Sea levels have fallen and risen as colder times came and went over the past few hundred thousand years. During the coldest of these glacial periods, so much water was locked up as ice that sea levels were almost 120 metres lower than today, and the entire bed of the English Channel was dry land.

The megaflood didn’t change that overnight. The water raced away to the Atlantic, and only over thousands of years did the sea creep back up the English Channel. Around 400,000 years ago, it seems to have poked its way through the newly made breach at Dover. Fossils of marine molluscs from this time in the valleys of the Thames and the Scheldt on the Belgian side share the same characteristics, indicating they were brought there by the same sea. But the part of the valley of the Rhine that is just a little to the north has different fossil fauna, so it was never flooded from the south.

What we can reconstruct is the following: as the ice sheets beat their retreat from Finchley and beyond, they re-exposed the delta where the southern North Sea is now, as well as uncovering an extra strip of glacial material that their bulldozing action had deposited on it. Although low-lying, this strip of land connecting Britain and the present-day Netherlands north of the Thames estuary proved an insurmountable obstacle to the rising waters.

This was a backstop that prevented Britain’s clean exit from Europe for the next 250,000 years.

The backstop was a boon for migration to a depopulated Britain. Early Neanderthals swarmed over the land bridge. Innovations in clothing, hunting techniques and the control of fire had made life in British climes a lot more comfortable, at least during warmer periods. It helped that early humans had, in the meantime, established themselves as the top predators in the region, allowing them to bag the best housing stock: caves. “Around this time, you see a big shift in the ability of people to live happily here,” says Ashton.

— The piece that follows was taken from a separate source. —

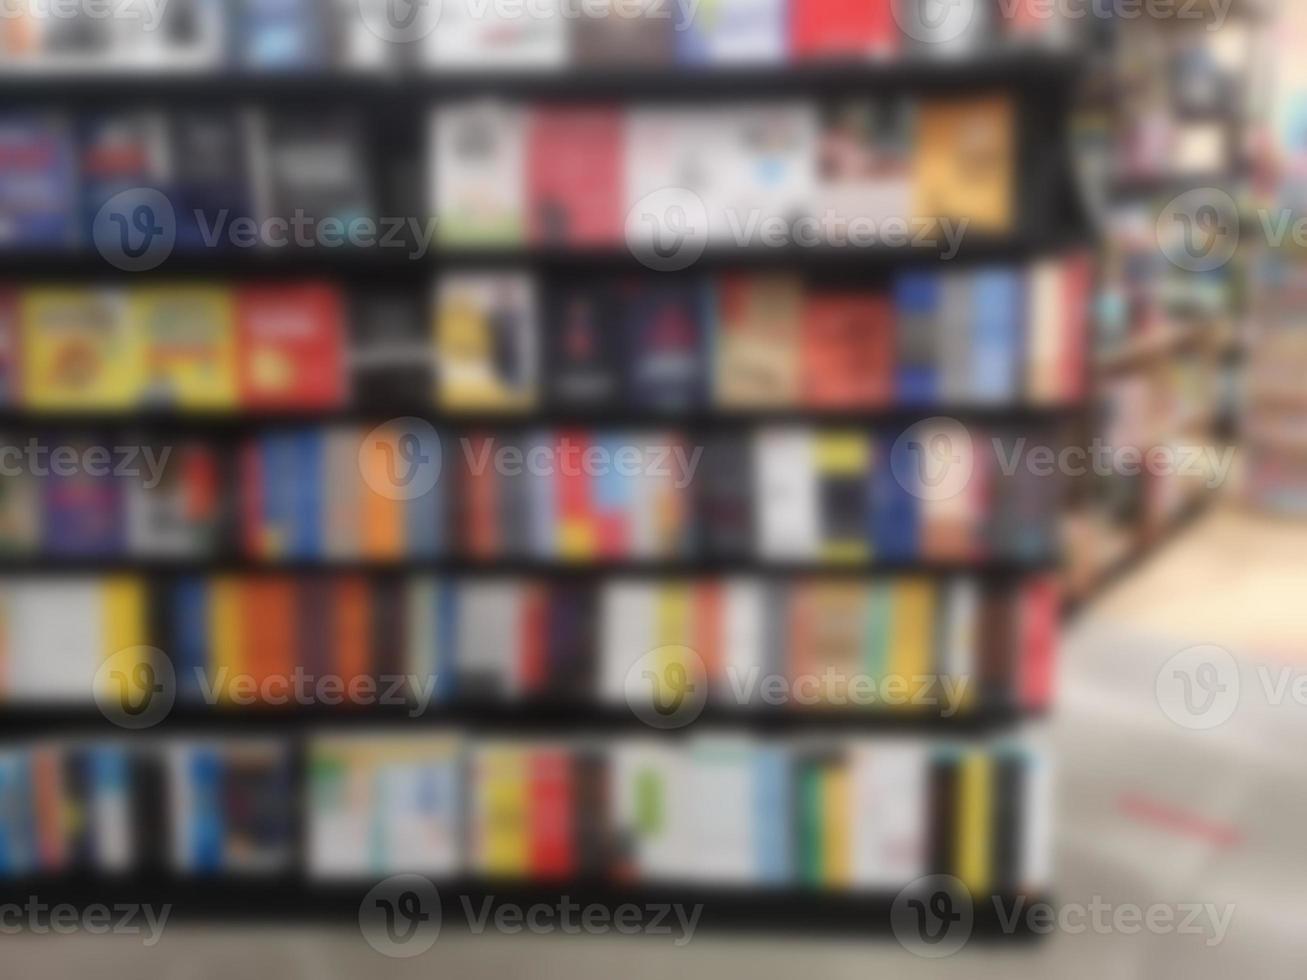 suddig av böcker ordnade på hyllor, bokhylla i butiken eller biblioteket, bakgrund foto

But Britain’s relationship with the continent was changing, if imperceptibly. The planet continued to cycle through slightly colder and slightly warmer periods. During each warm spell, the sea inundated the breach at Dover and carved it a little wider. Meanwhile, the land bridge was sinking – as indeed the North Sea floor continues to today – at an average rate of around 10 metres every 100,000 years.

“The second megaflood smashed the breach at Dover, opening the strait”

It was becoming less of a bridge and more of a boggy hindrance to the free movement of people. An increasingly detached Britain had turned into a less attractive destination for European migrants, and indeed for the natives. “You see a drop in accessibility during warm periods,” says Ashton. “The only times people could get across were when it was cold.” About 250,000 years ago, evidence of occupation by early humans ceases entirely.

This means there was no one around to observe the moment when Britain truly did first become an island. The evidence for that lies hidden under the Strait of Dover.

French engineers surveying possible routes for the Channel Tunnel in the 1970s had already spotted something strange on the seabed off Dover. They discovered an enigmatic, sand-filled depression that they dubbed the Fosse Dangeard, or Dangeard Pit. But they dismissed it with a Gallic shrug. They didn’t survey it in any detail, and simply diverted their proposed route a kilometre or so to the north – where the tunnel runs today.

It isn’t easy to survey the Dover Strait. More than 500 ships pass its narrowest point every day. Add in the regular ferries plying to and fro between Dover and Calais, and this is a hairy place to be in a jolly little geologist’s boat looking at the sea floor. “It’s a bit like being on the central reservation of a motorway,” say Collier.

In the end, it was Collier’s colleagues from Belgium, in a model of European cooperation, who got to the bottom of what was going on: there was not one, but a series of truly massive pits carved into the bedrock. Together, they formed a belt oriented roughly at right angles to the strait. The deepest depression was 140 metres below the water surface, tripling the strait’s maximum depth measured to its sandy bottom. “They are huge, absolutely huge,” says Collier.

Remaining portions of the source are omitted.